Islamism has been defined as:
"the belief that Islam should guide social and political as well as personal life",[1]
"the [Islamic] ideology that guides society as a whole and that [teaches] law must be in conformity with the Islamic sharia",[11]
an unsustainably flexible movement of ... everything to everyone: an alternative social provider to the poor masses; an angry platform for the disillusioned young; a loud trumpet-call announcing `a return to the pure religion` to those seeking an identity; a "progressive, moderate religious platform` for the affluent and liberal; ... and at the extremes, a violent vehicle for rejectionists and radicals.[12]
an Islamic "movement that seeks cultural differentiation from the West and reconnection with the pre-colonial symbolic universe",[13]
"the organised political trend, owing its modern origin to the founding of the Muslim Brotherhood in Egypt in 1928, that seeks to solve modern political problems by reference to Muslim texts",[14]
"the whole body of thought which seeks to invest society with Islam which may be integrationist, but may also be traditionalist, reform-minded or even revolutionary",[14]
"the active assertion and promotion of beliefs, prescriptions, laws or policies that are held to be Islamic in character,"[5]
a movement of "Muslims who draw upon the belief, symbols, and language of Islam to inspire, shape, and animate political activity;" which may contain moderate, tolerant, peaceful activists, and/or those who "preach intolerance and espouse violence."[15]
a term "used by outsiders to denote a strand of activity which they think justifies their misconception of Islam as something rigid and immobile, a mere tribal affiliation."[10][16]
Islamism takes different forms and spans a wide range of strategies and tactics, and thus is not a united movement.
Moderate and reformist Islamists who accept and work within the democratic process include parties like Justice and Development Party of Turkey and Tunisian Ennahda Movement. Jamaat-e-Islami of Pakistan is basically a socio-political and democratic Vanguard party but has also gained political influence through military coup d'état in past.[17] The Islamist groups like Hezbollah in Lebanon and Hamas in Palestine participate in democratic and political process as well as armed attacks, seeking to abolish the state of Israel. The radical Islamists like al-Qaeda, Egyptian Islamic Jihad and Taliban, entirely reject democracy and self-proclaimed Muslims they find overly moderate, and preach violent jihad, urging and conducting attacks on religious basis.

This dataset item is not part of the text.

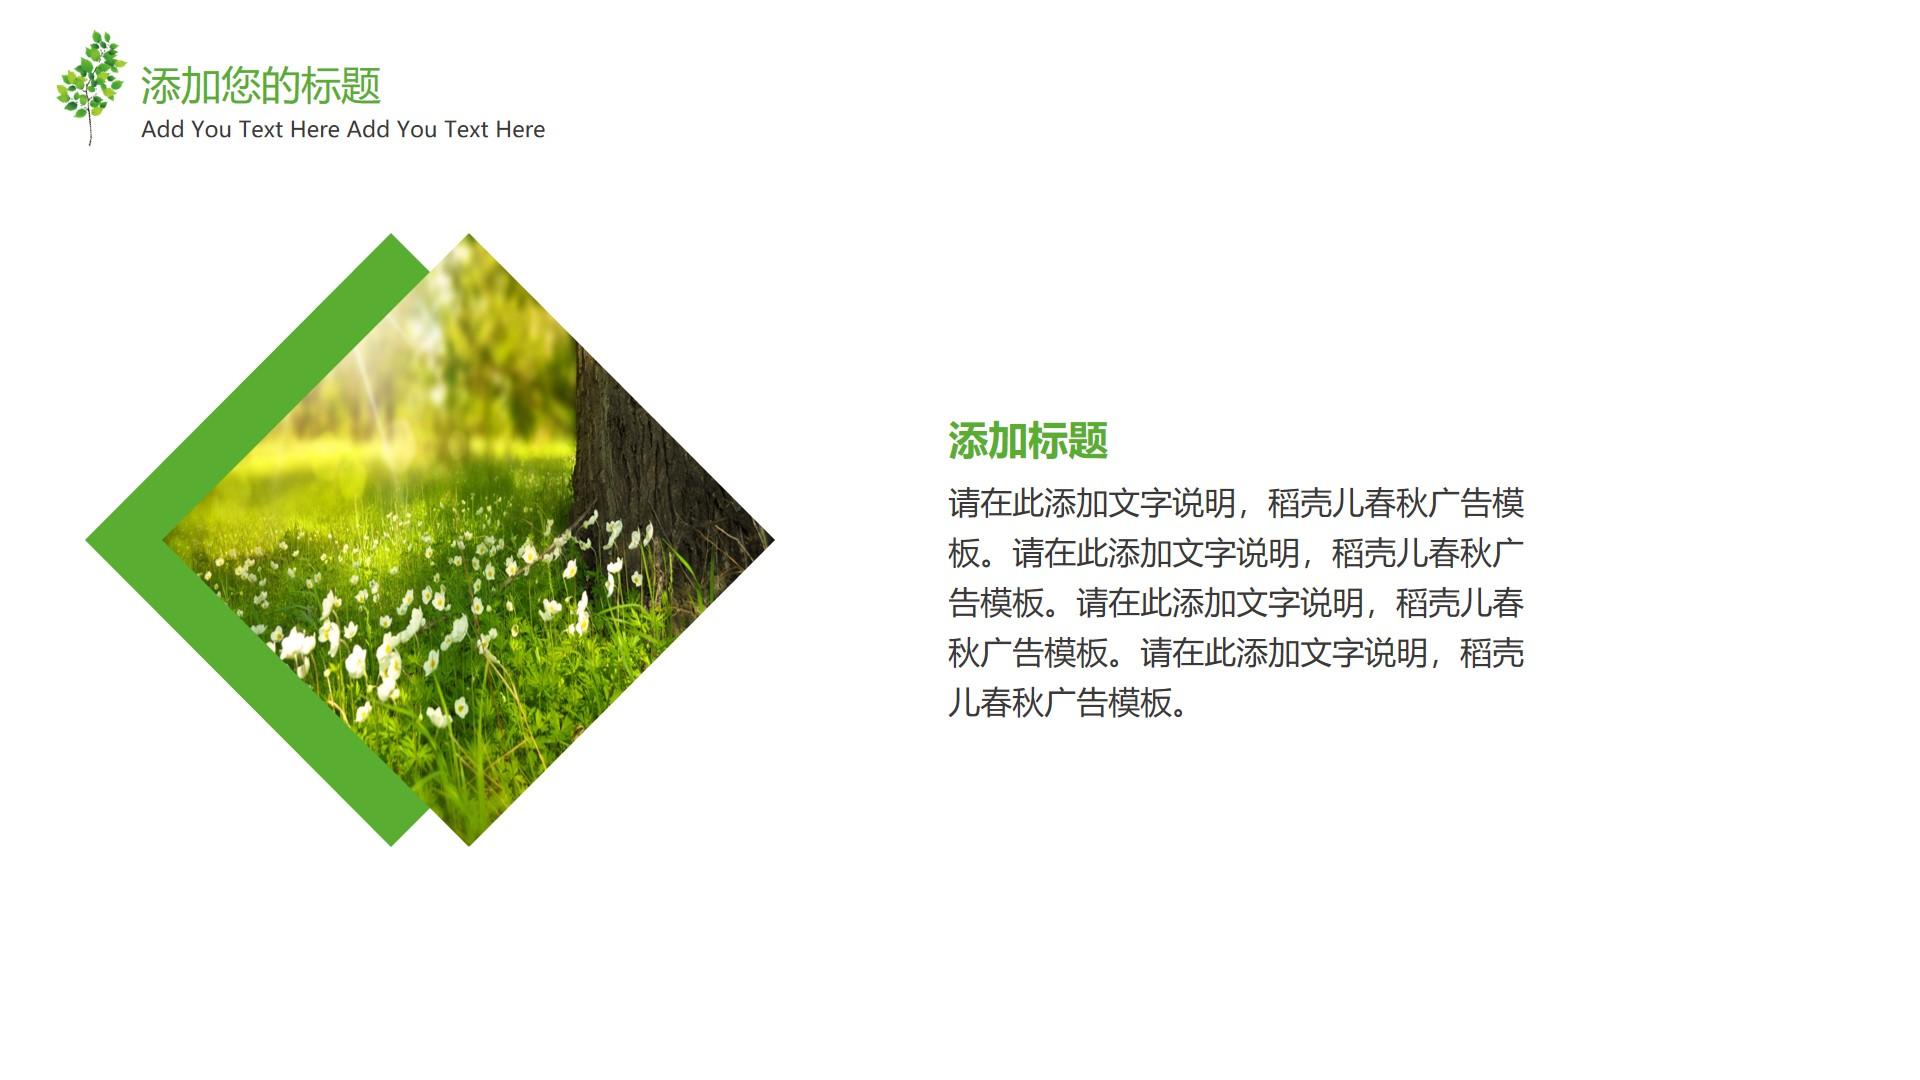 教育教学绿色白色简洁素雅text 稻壳 春秋 广告 add云素材PPT模板1672673877804

Another major division within Islamism is between the fundamentalist "guardians of the tradition" of the Salafism or Wahhabi movement, and the "vanguard of change and Islamic reform" centered on the Muslim Brotherhood.[18] Olivier Roy argues that "Sunni pan-Islamism underwent a remarkable shift in the second half of the 20th century" when the Muslim Brotherhood movement and focus on Islamistation of pan-Arabism was eclipsed by the Salafi movement with its emphasis on "sharia rather than the building of Islamic institutions," and rejection of Shia Islam.[19] Following the Arab Spring, scholar Oliver Roy has described Islamism, or political Islam, as "increasingly interdependent" with democracy in much of the Arab Muslim world, such that "neither can now survive without the other." While Islamist political culture itself may not be democratic, Islamists need democratic elections to maintain their legitimacy. At the same time, their popularity is such that no government can call itself democratic that excludes mainstream Islamist groups.[4]